An Overview of the Global Policy and Regulatory Landscape – Opportunities and Risks for Alternative Forms of Spectrum Access
It has been three decades since the United States Federal Communications Commission (“FCC”) created the first unlicensed spectrum access. Although only available commercially in the last fifteen years, it is hard to imagine consumers doing without technologies now used in the unlicensed spectrum bands – Wi-Fi, Bluetooth, RFID. There are now many more wireless devices reliant on unlicensed access to spectrum than wireless devices reliant on licensed access to spectrum. Driven by growing demand that risks outstripping the current allocations of spectrum for wireless broadband applications, governments and regulators around the world are now looking at making more spectrum available on an exclusive-use licensed basis for 4G LTE, as well as make more spectrum available on an unlicensed (or licensed-exempt) basis for Wi-Fi and other technologies.

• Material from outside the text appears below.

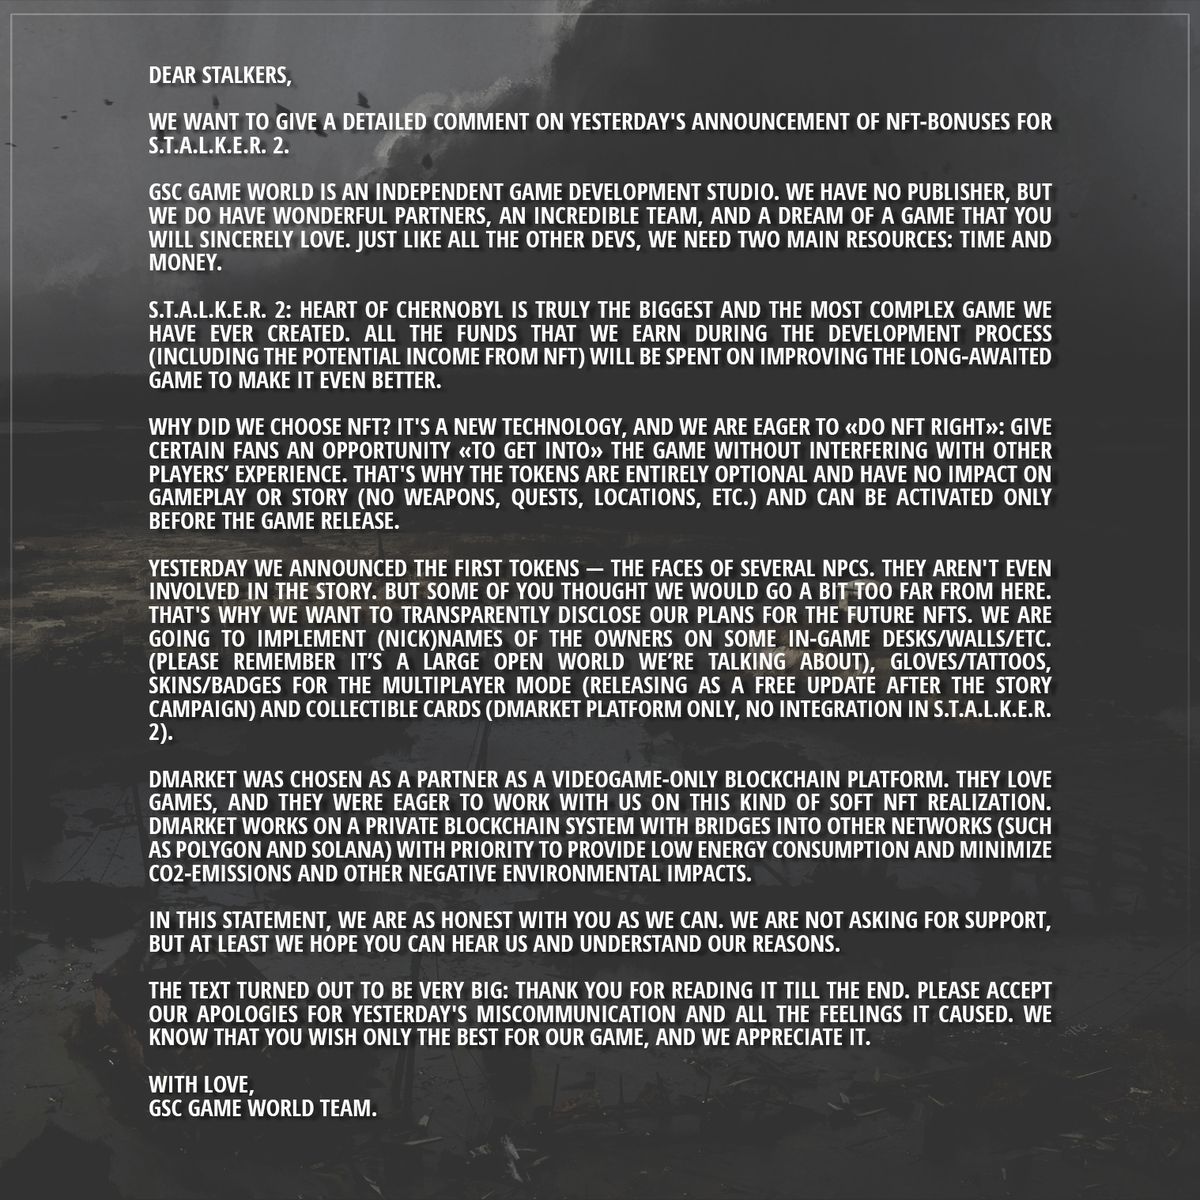 il testo di una lettera alla comunità di Stalker 2 che difende i piani per introdurre gli NFT nel gioco del 2022.

Governments and regulators are likewise now looking at alternative forms of spectrum access which will not require incumbent licensees to be cleared and reallocated, such as spectrum sharing opportunities in the TV white spaces, 2.3 GHz, 3.5 GHz, and 5 GHz either on an unlicensed, licensed, or lightly-licensed basis. This presentation will provide an overview of efforts by governments and regulators around the world to address these issues – with a particular focus on alternative forms of spectrum access. This presentation will also discuss how spectrum observatories, standardization, technology trials, commercial pilots, partnerships, and industry and academic coalitions can and are being used to support these efforts.